[SOURCE DATA]
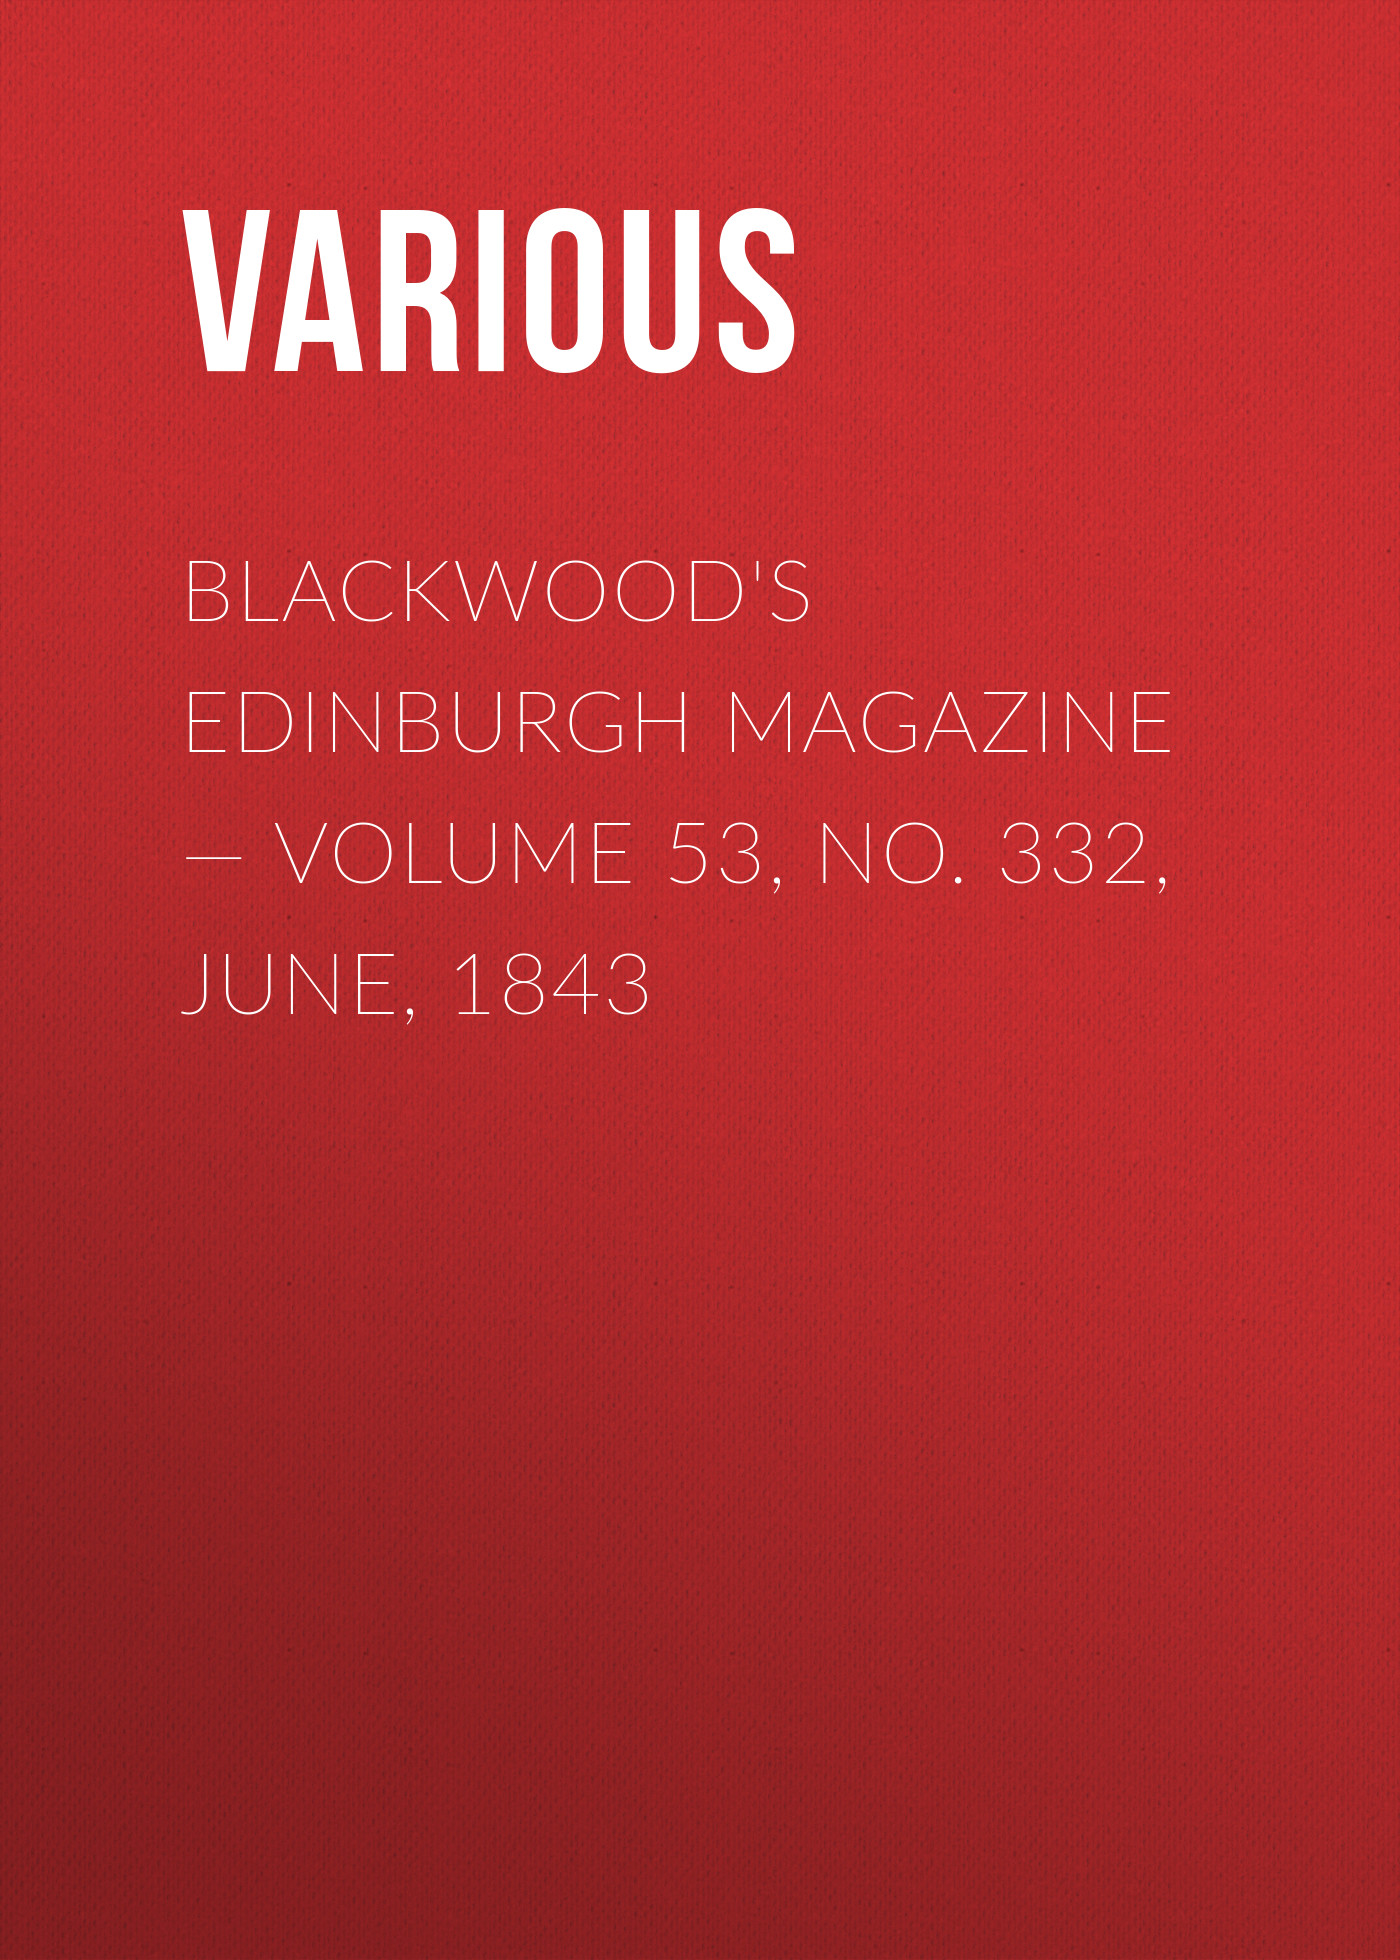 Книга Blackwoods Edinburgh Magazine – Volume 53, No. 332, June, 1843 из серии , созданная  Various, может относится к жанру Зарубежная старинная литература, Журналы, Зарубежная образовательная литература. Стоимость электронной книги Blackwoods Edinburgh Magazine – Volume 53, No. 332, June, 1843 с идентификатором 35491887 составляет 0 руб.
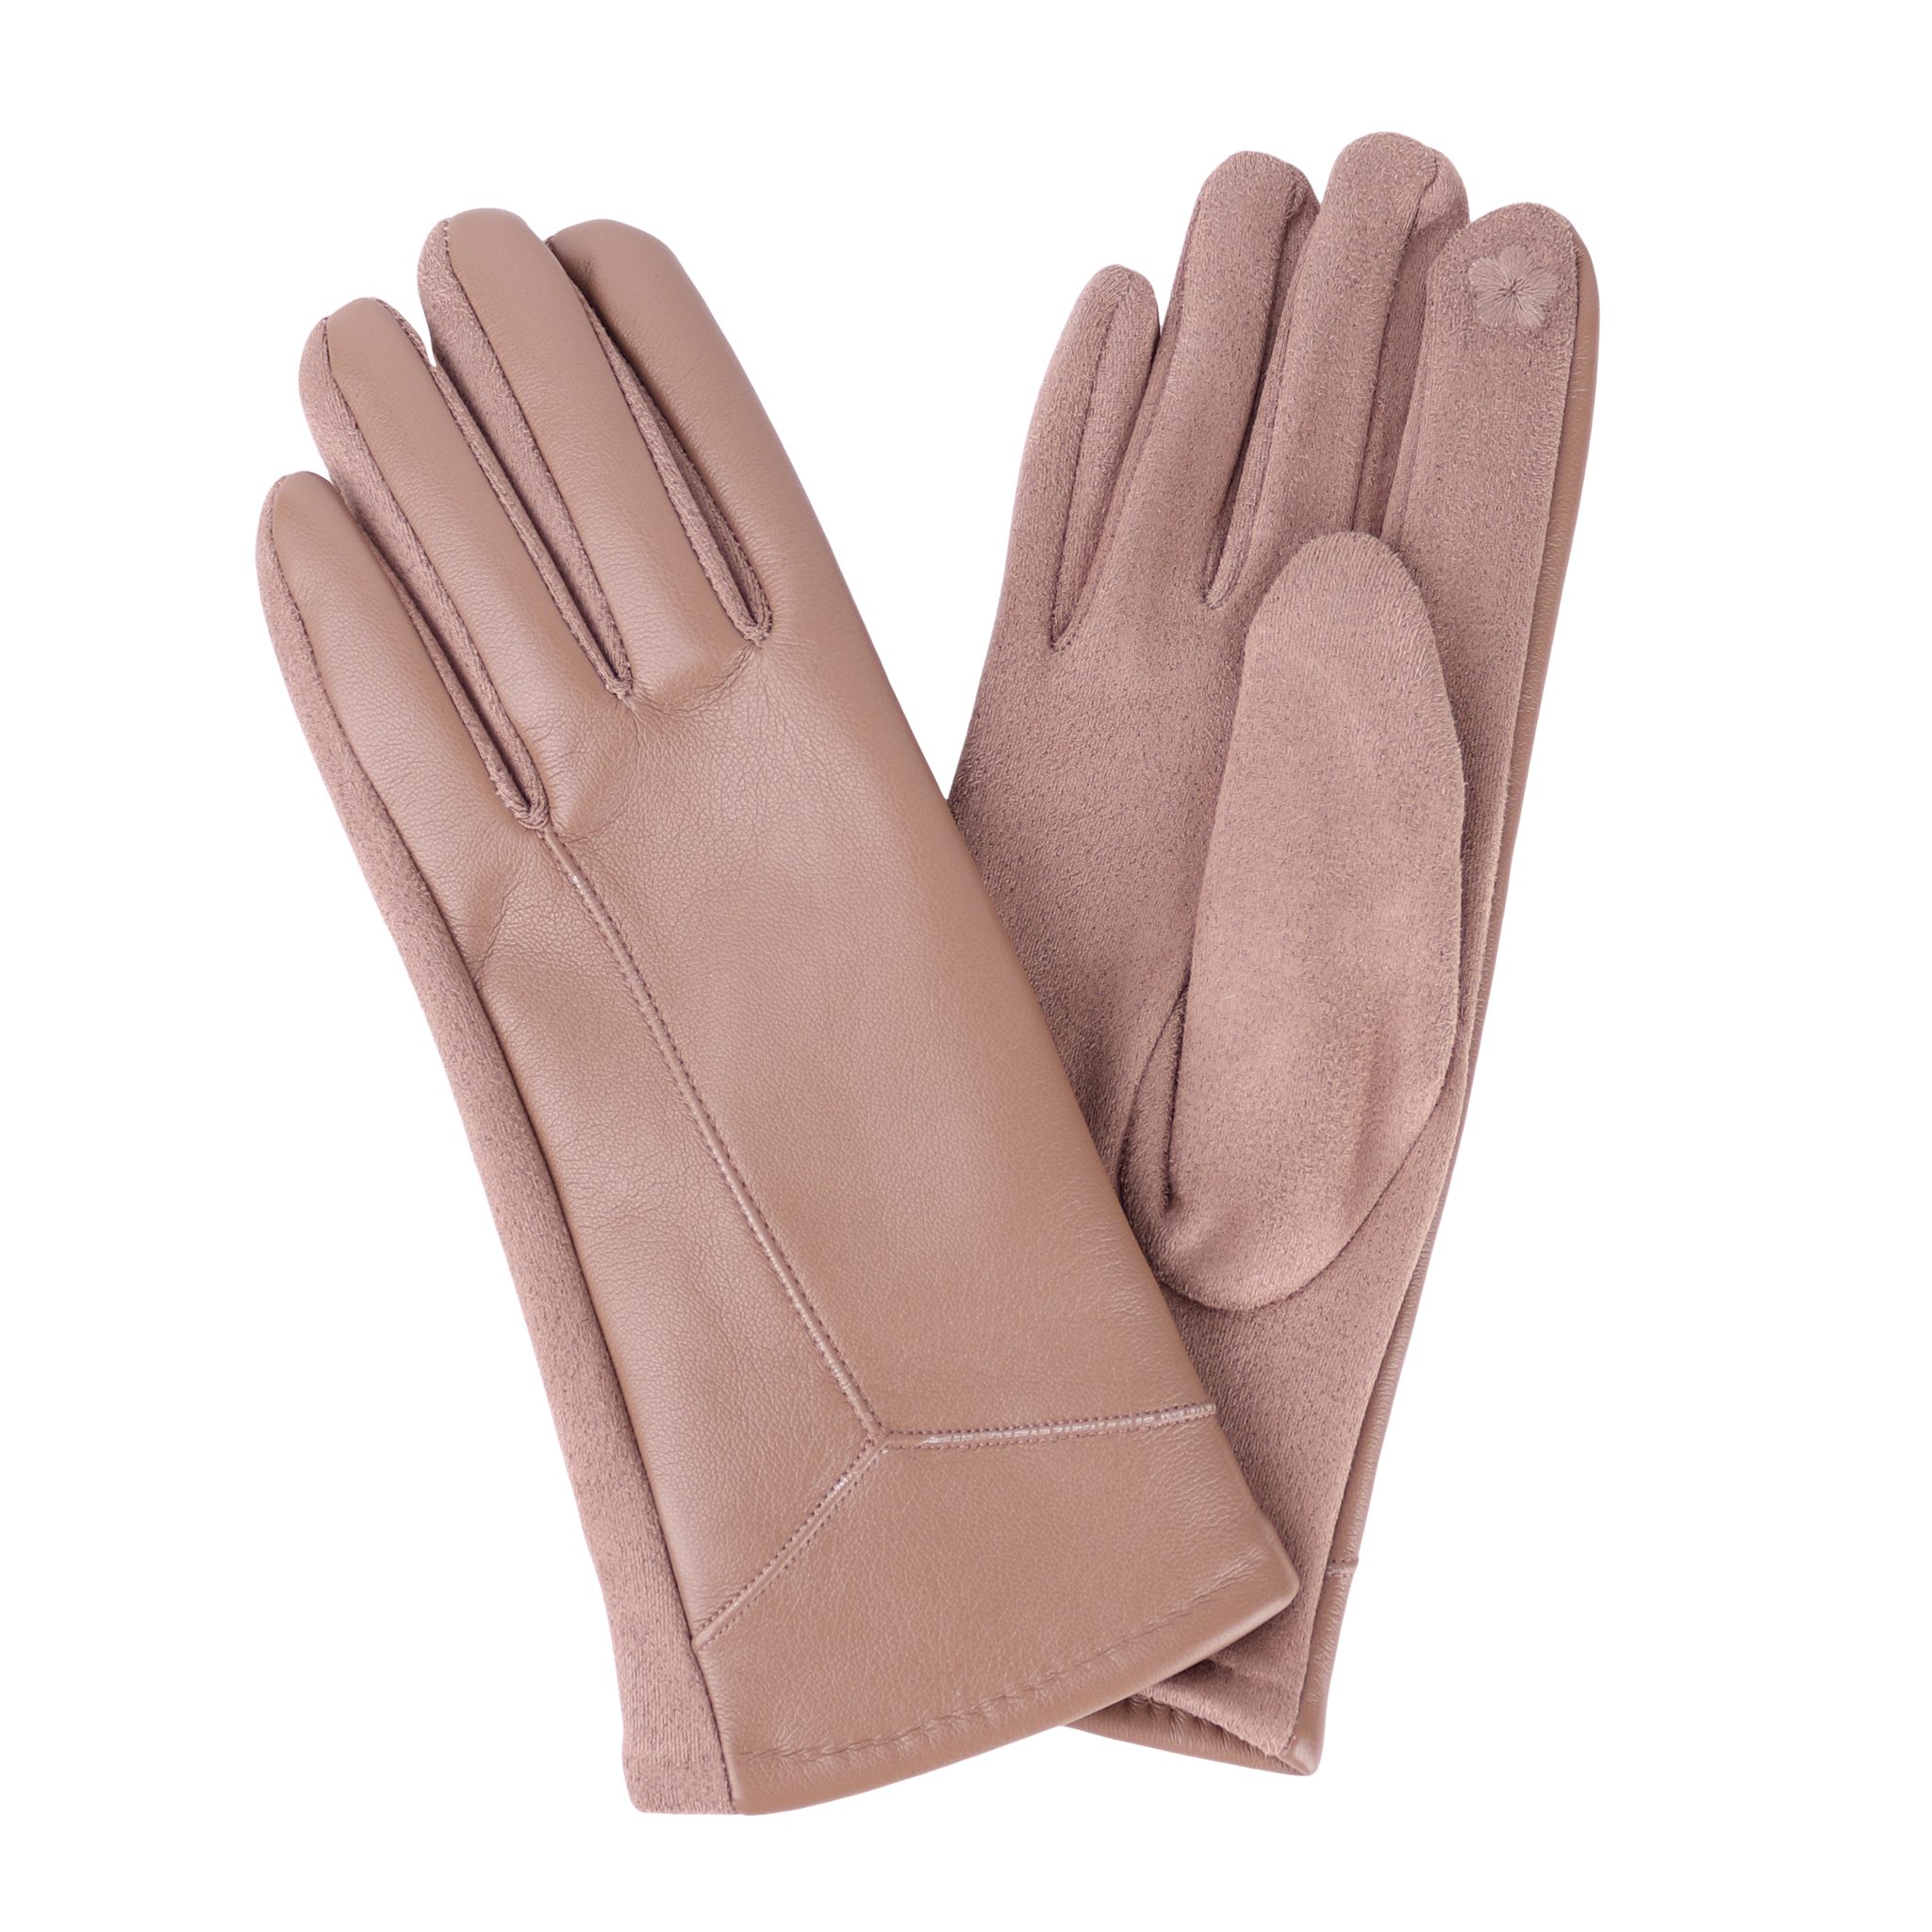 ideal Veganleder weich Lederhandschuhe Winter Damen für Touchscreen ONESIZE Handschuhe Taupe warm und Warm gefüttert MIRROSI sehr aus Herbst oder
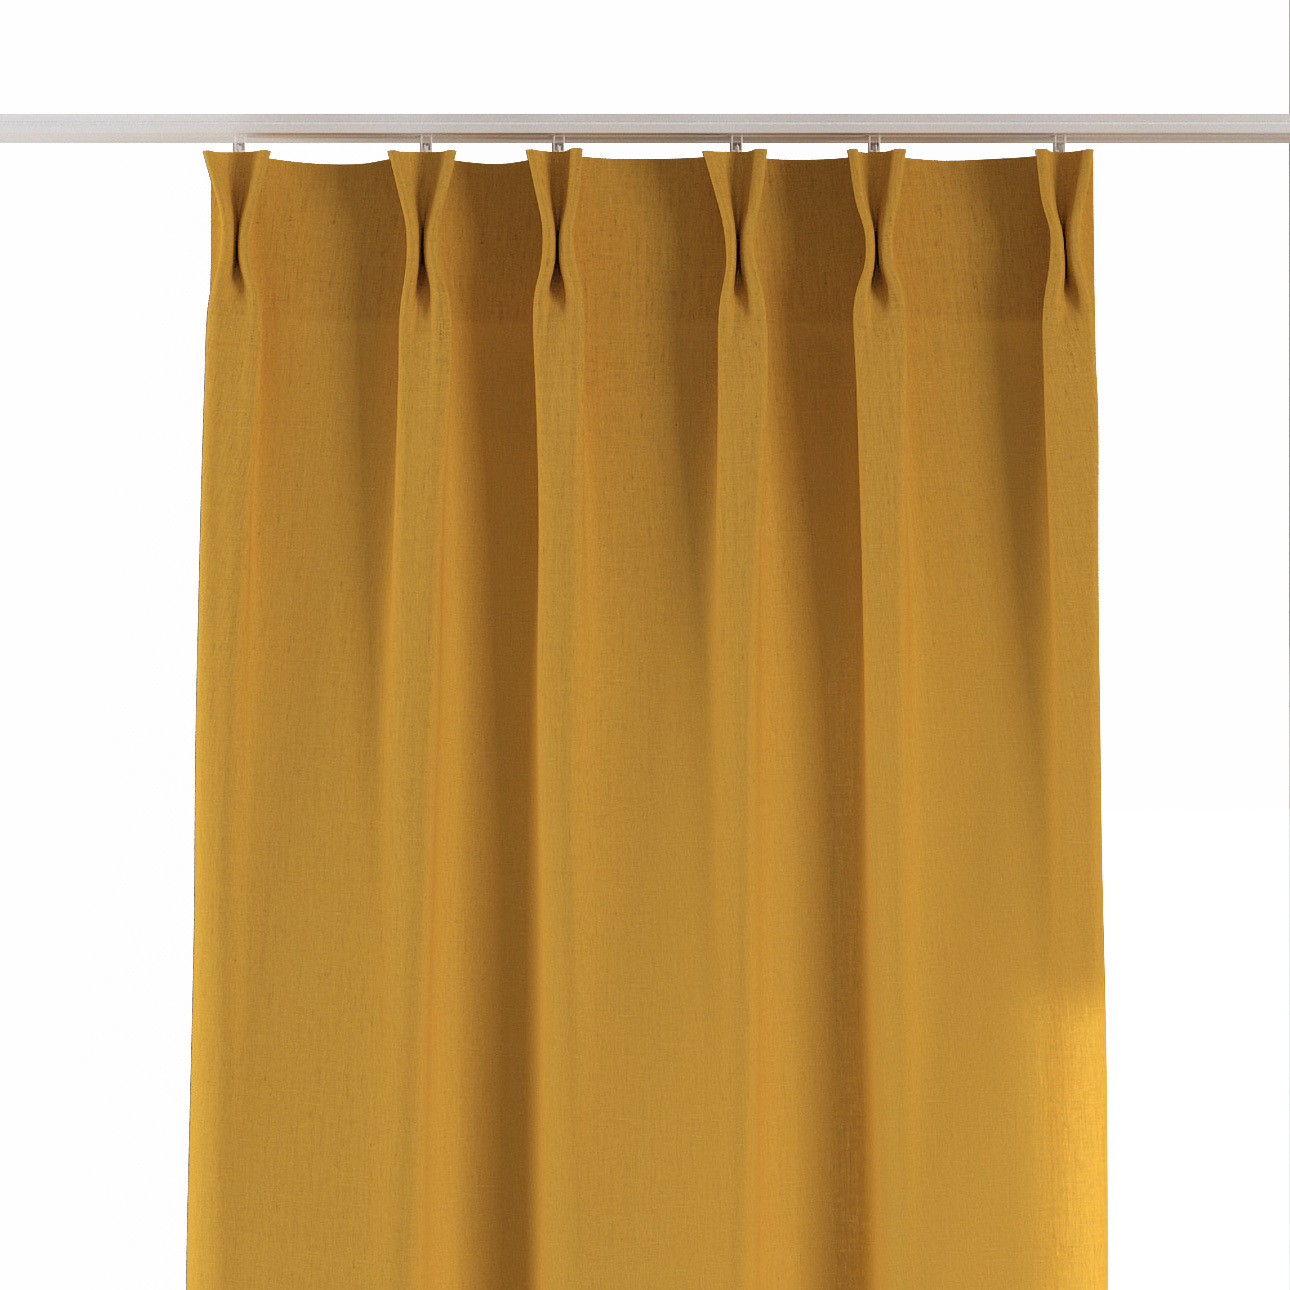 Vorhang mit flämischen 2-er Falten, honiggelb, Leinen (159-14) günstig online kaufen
[/SOURCE DATA]
§ WHAT IS BEING ASKED: What you give back must match the material word for word, with no images included.

§ WRITTEN ANSWER:
 Книга Blackwoods Edinburgh Magazine – Volume 53, No. 332, June, 1843 из серии , созданная  Various, может относится к жанру Зарубежная старинная литература, Журналы, Зарубежная образовательная литература. Стоимость электронной книги Blackwoods Edinburgh Magazine – Volume 53, No. 332, June, 1843 с идентификатором 35491887 составляет 0 руб.
 ideal Veganleder weich Lederhandschuhe Winter Damen für Touchscreen ONESIZE Handschuhe Taupe warm und Warm gefüttert MIRROSI sehr aus Herbst oder
 Vorhang mit flämischen 2-er Falten, honiggelb, Leinen (159-14) günstig online kaufen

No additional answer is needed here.